Solar and wind power mandates are strengthened in this bill. This bill, in direct contravention of its intentions, will require more fossil fuel not less as back up energy sources if wind and solar are forced to become a larger portion of our energy mix. Stephen Moore, author of Fueling Freedom, states,” Germany and England are already learning that the more renewable fuels they dispatch to their electric grids, the more coal they must burn to back up the intermittent generation from wind and solar sources.” The goal of 25% renewable use in Illinois by 2025 is unachievable without large and aggressive rate increases. Goreham, in response to this bill when I shared it with him, said this about solar power in Illinois, “Solar in Illinois is like growing pineapples. We’re not the sunbelt. Recent analysis shows that over a 25-year life, the amount of energy produced by a solar system at Illinois latitudes does not rise to the amount of energy used to fabricate the solar cells and install the system. By forcing solar in Illinois, we are causing more energy to be expended in China than we get back over the life of the system in Illinois.”
Will not Improve Environment: And the Wall Street Journal reported that, “In truth, the cost of backup power not only caps solar and wind growth, renewables may already have overshot. The International Renewable Energy Agency, in a discordantly sober report, predicts that wind and solar will start shrinking their share in the fast-growing developing economies in coming years.”
If you still believe carbon dioxide is a problem consider this as reported in the Wall Street Journal, “Germany managed to increase its use of renewables and its output of carbon dioxide at the same time—because it resorted to cheap coal to keep the lights on at a price its people could afford.”
In closing, Illinois should trust the free market to determine what energy is produced and at what price. The free market built this nation and can be better trusted than politicians and special interests. Illinoisans deserve energy that is cheap, reliable and pollutant free. Politicians in state government continue to obscure the path toward those objectives in order to keep political insiders happy.
I could not agree more with Representative Ives. And while there were some Republicans that voted for this bailout, take a look and see which group was the second largest recipient of Exelon campaign contributions in the 2016 election cycle… the Illinois Democratic Party.
Before we go to far down that path, look at the list of Candidates who received money from them. There are quite a few Republicans with names you would recognize – how many of them voted for this??
It occurred to me after reading this that maybe Rauner’s investment business has a substantial amount in Exelon stock – something he really couldn’t endanger the value of.
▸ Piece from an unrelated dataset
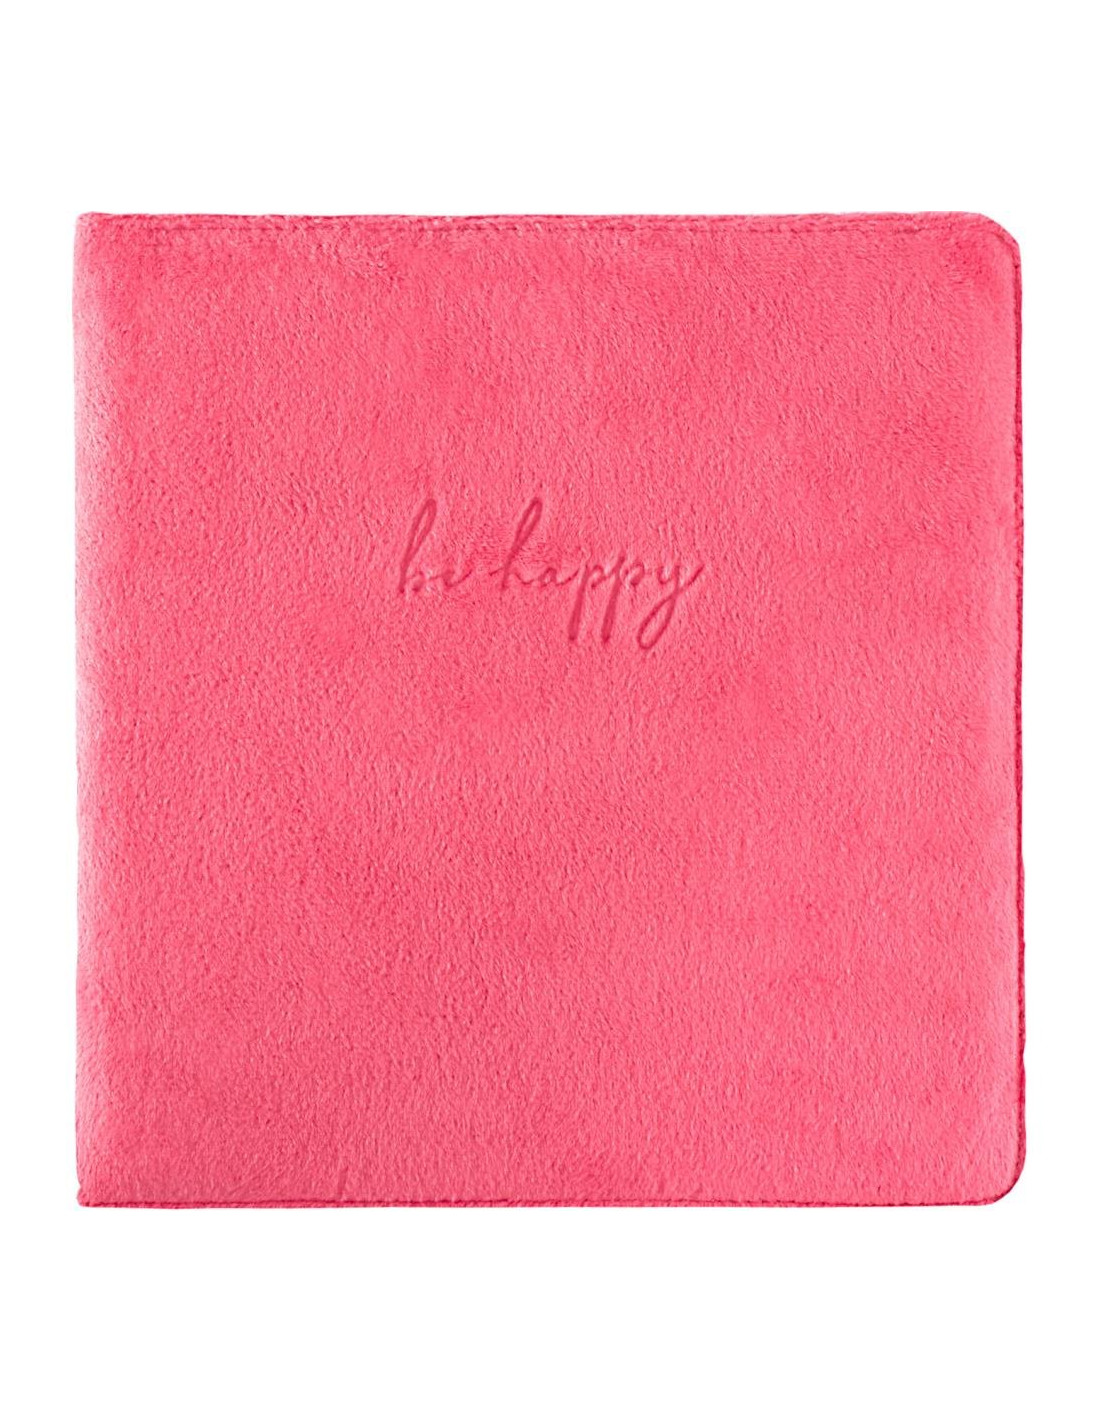 Álbum Cotton pink pequeño Webster

Does anyone know about that?
Why are we being asked to pay again for what Exelon/ComEd is calling capital expenses to keep two nuclear plants alive in IL? First off, we’ve already built and paid for them one or more times already and secondly, capital expenses are the responsibility of shareholders not ratepayers. This is the second time in recent years that Exelon/ComEd has bypassed the ICC and gone to the Legislature to enact a law regarding rates. The first being the monthly surcharge for not installing a SmartMeter.
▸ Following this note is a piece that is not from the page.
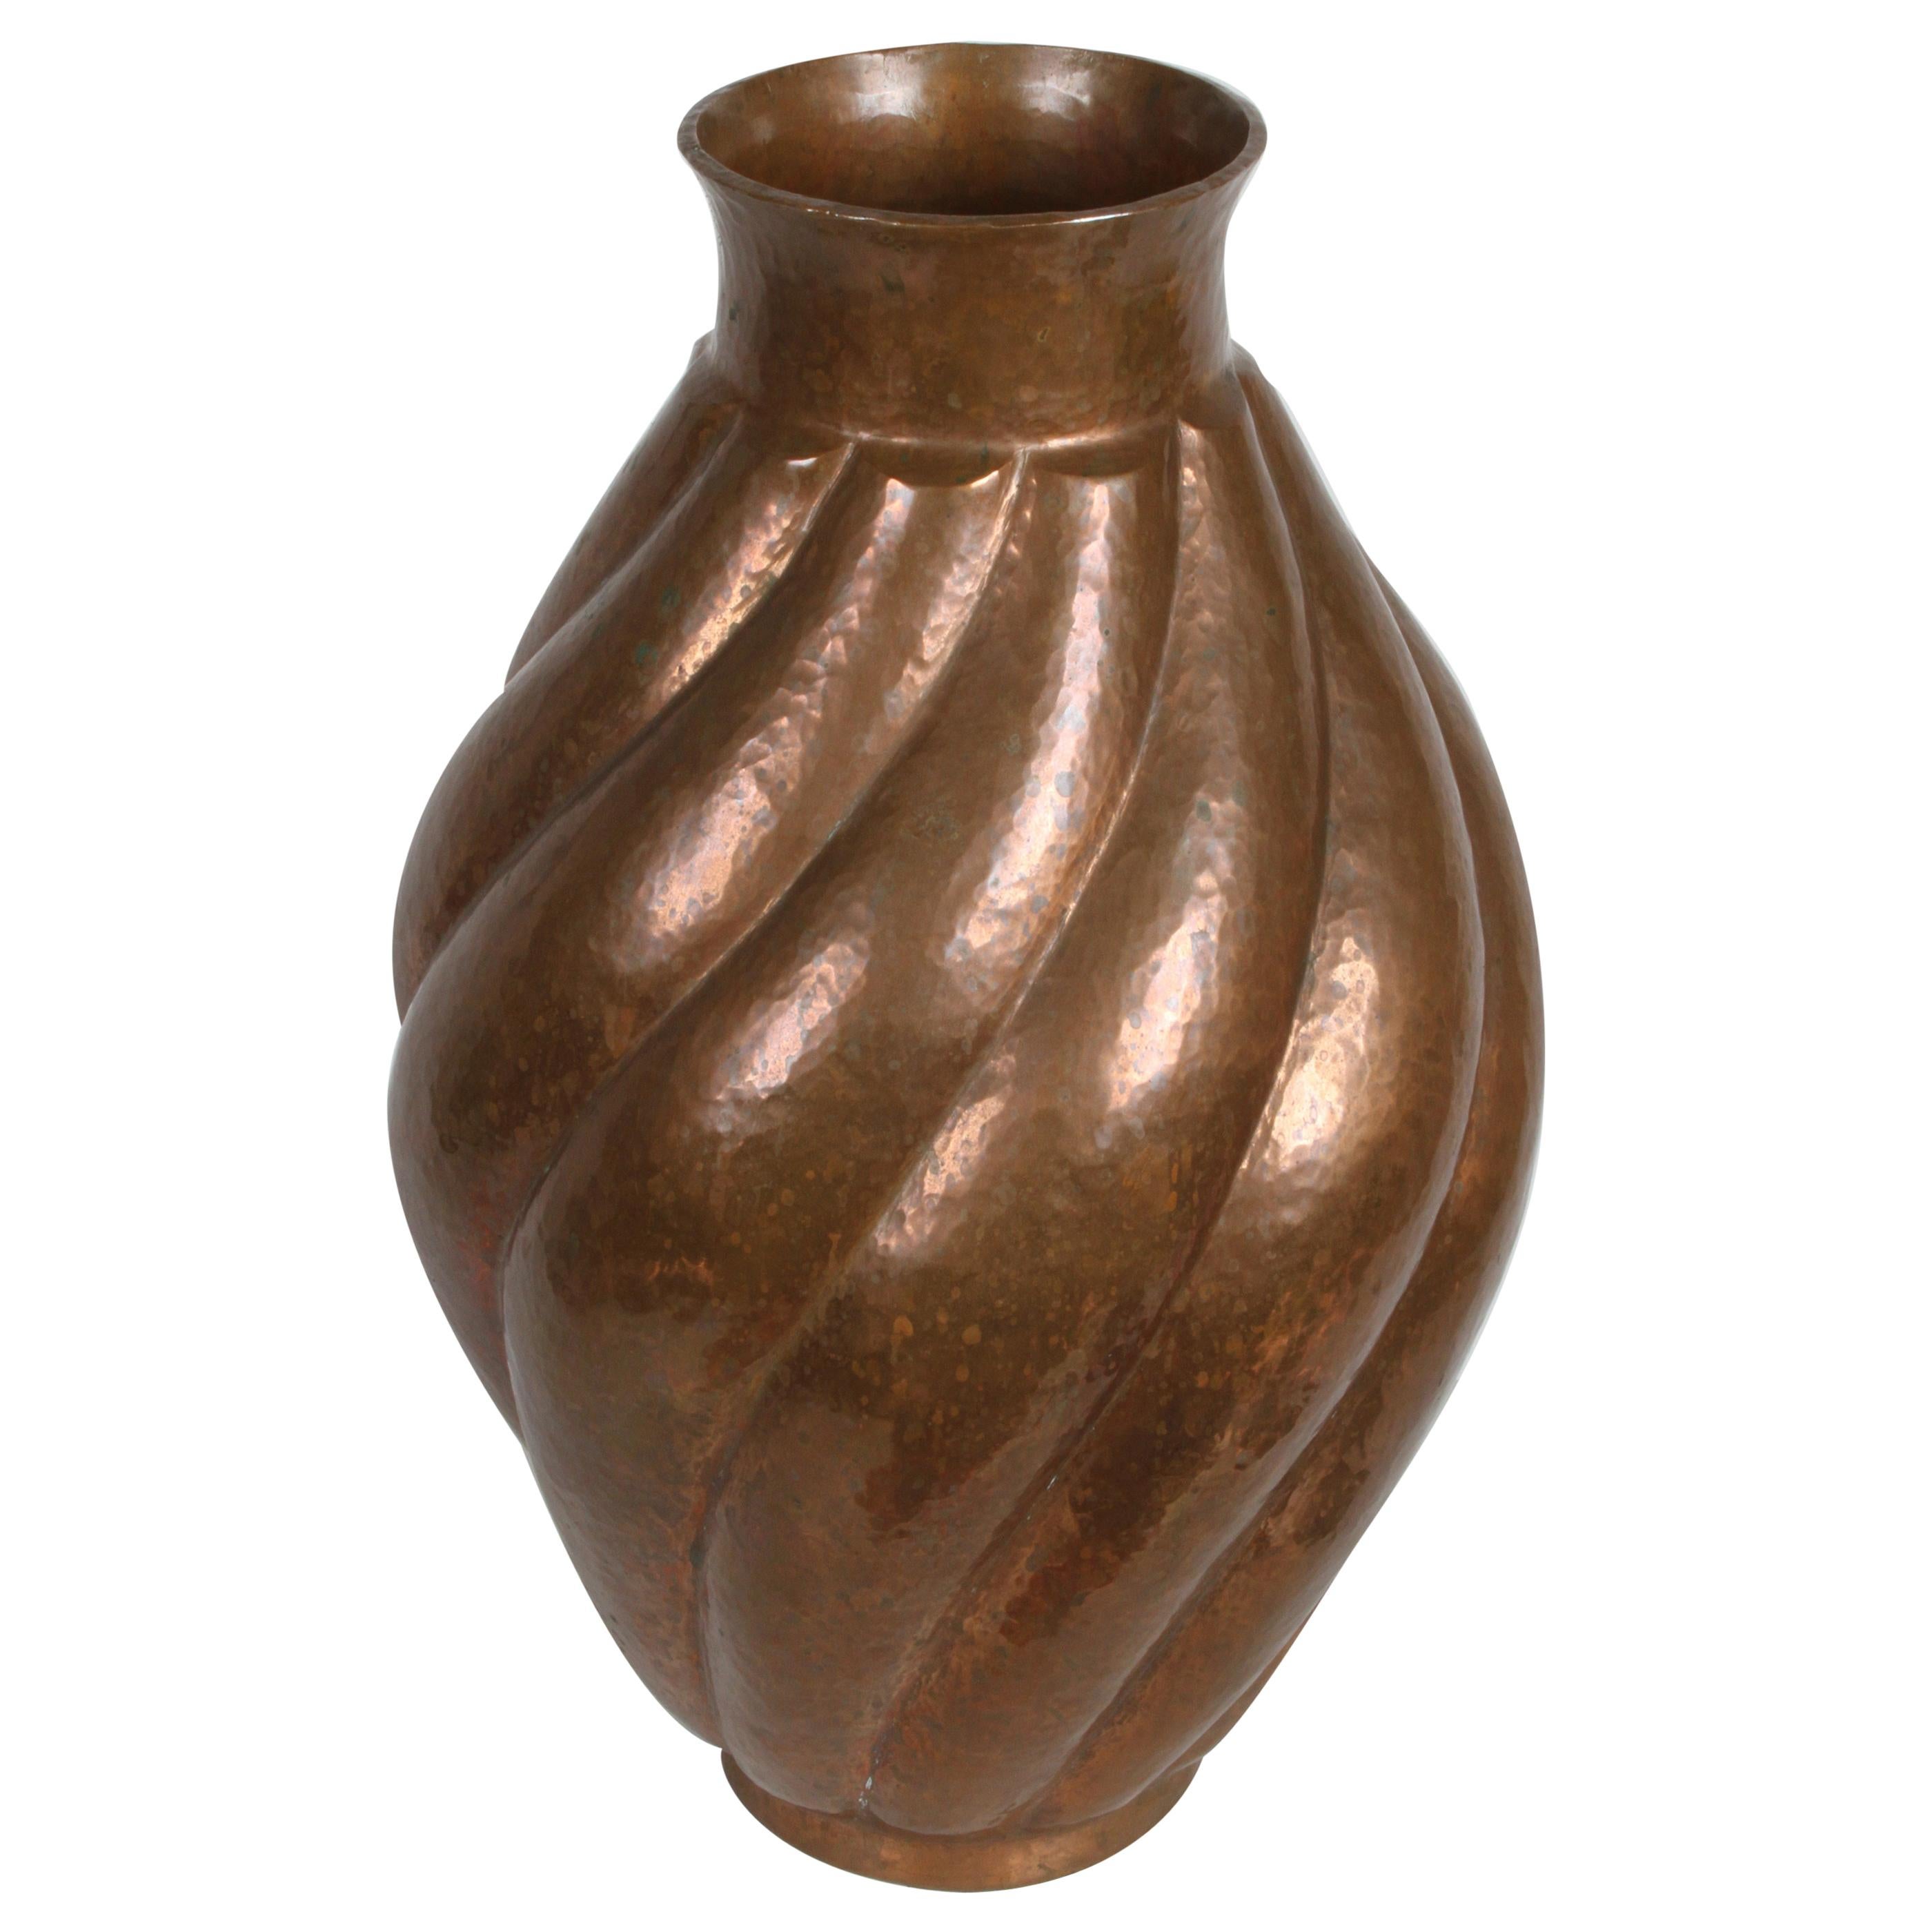 Vase ou récipient sculptural en cuivre vintage forgé à la main Santa Clara del Cobre

This has got to stop, now. Exelon shareholders are bearing no responsibility for their investment or lack of good management on the part of their Executives. It always falls on the ratepayers in IL. IL has NEVER found a rate increase request from Exelon/ComEd that they haven’t liked. Is there anyone in Springfield ever representing us? They have always been guaranteed a minimum rate of return on their investment by law. If their management and Board of Directors screw up on it, then it’s time for a change at the top.